Back in the big smear

I’m in a hotel at 49th and Lex in the Big Smear, the island I could not escape for eight years but finally did. And now I’m back, for the first time since I bolted Westward to Denver and points beyond in 2007, holed up in a way-too-much-to mention-per-night suite with all the amenities except square footage. And in the city that never sleeps, I arrived an hour after everything shut down, and went to a nearby bodega to buy some days-old sushi shrink-wrapped by Chinese forced labor in a work camp in some shitbag Queens neighborhood that has smelled like rotting fish since 1927. Mahalo!

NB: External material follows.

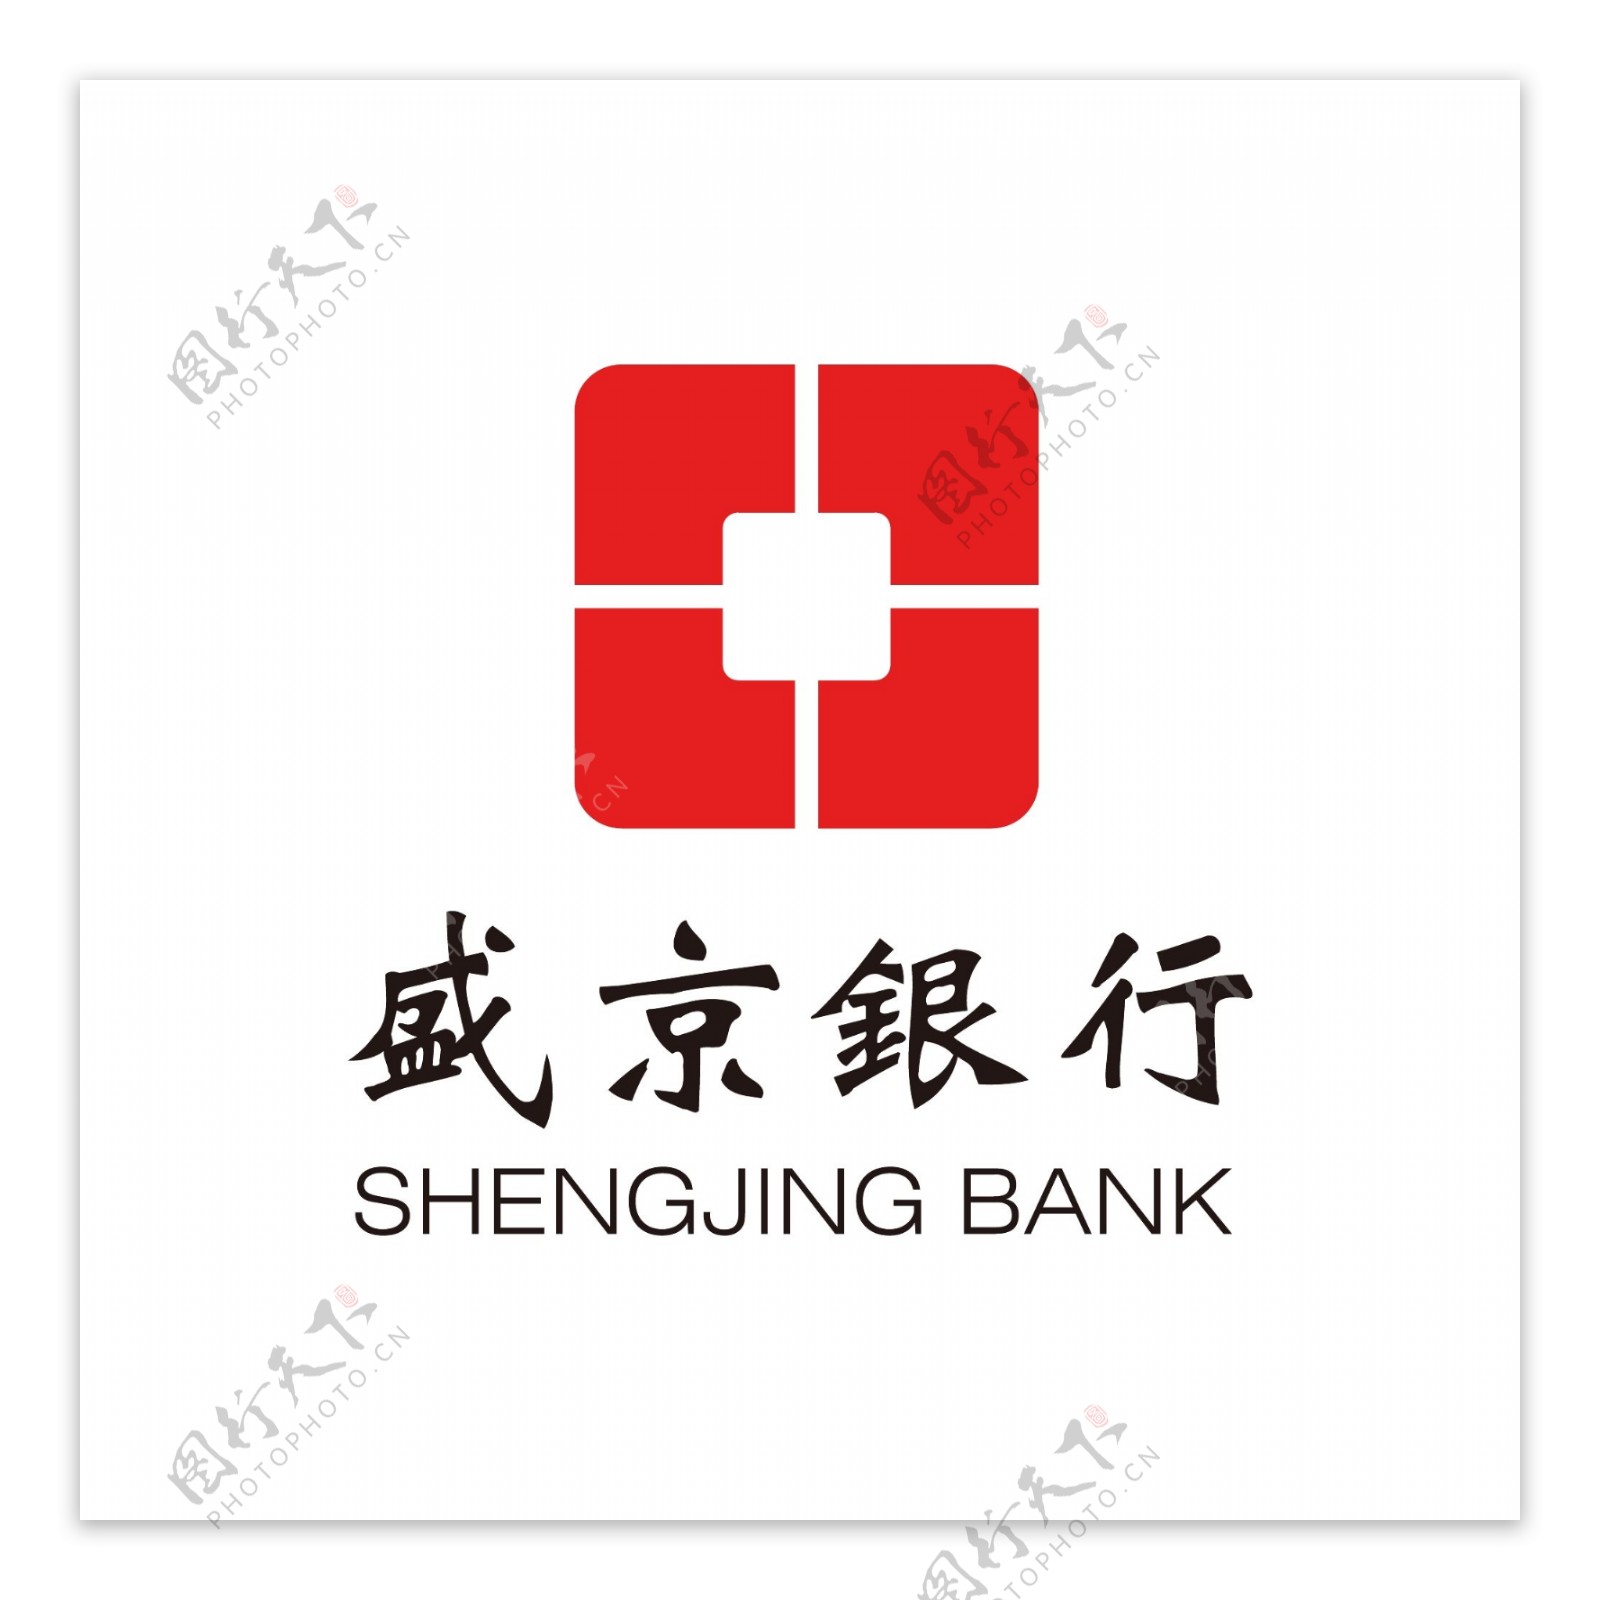 盛京银行标志

Today was quite the travel day, starting with the double-strike of the usual klaxons sounding at five AM, plus two feline monsters desperate for their morning carnage delivered in their bowls chop chop. Shave, shit, shower, pack, and into the Yaris for the quick zip to the Oakland airport, where the fun started. I got to the OAK with time to spare, fired up the iPad, and found the free wifi functioning without a hitch. You never can trust these free networks, not because of the hacker script kiddies stealing your packets and transcribing your Bank of America PIN numbers, but the more insidious corporate entities that hype of “free” wireless either as a bait-and-switch for some $29 a minute access plan that only works in 7 of the 9000 worldwide airports, and is fully incompatible with the other hucksters offering the same deal. Either that, or they have some horrid web portal that pumps ads at you at a rate causing seizure in most epileptics, in pop-ups and pop-overs and pop-unders and roll-overs and frames and banners and trays, all of them only working if you’re running Windows ME and a copy of Internet Explorer 6, otherwise it fails with some horrible Engrish error message and forever damages two dozen registry keys on your system, requiring three successive clean installs and the purchase of two new Windows full licenses. But it all magically worked on the iPad, and it even skipped the stupid Flash commercial you are required to watch, probably for some nameless corporate monster that offers business-to-business integration solutions in this modern world - you know, the kind of stuff nobody can buy or name or explain, but it’s damn important for the company to shell out six or seven figures’ worth of ad imprints so we can identify their logo in a lineup.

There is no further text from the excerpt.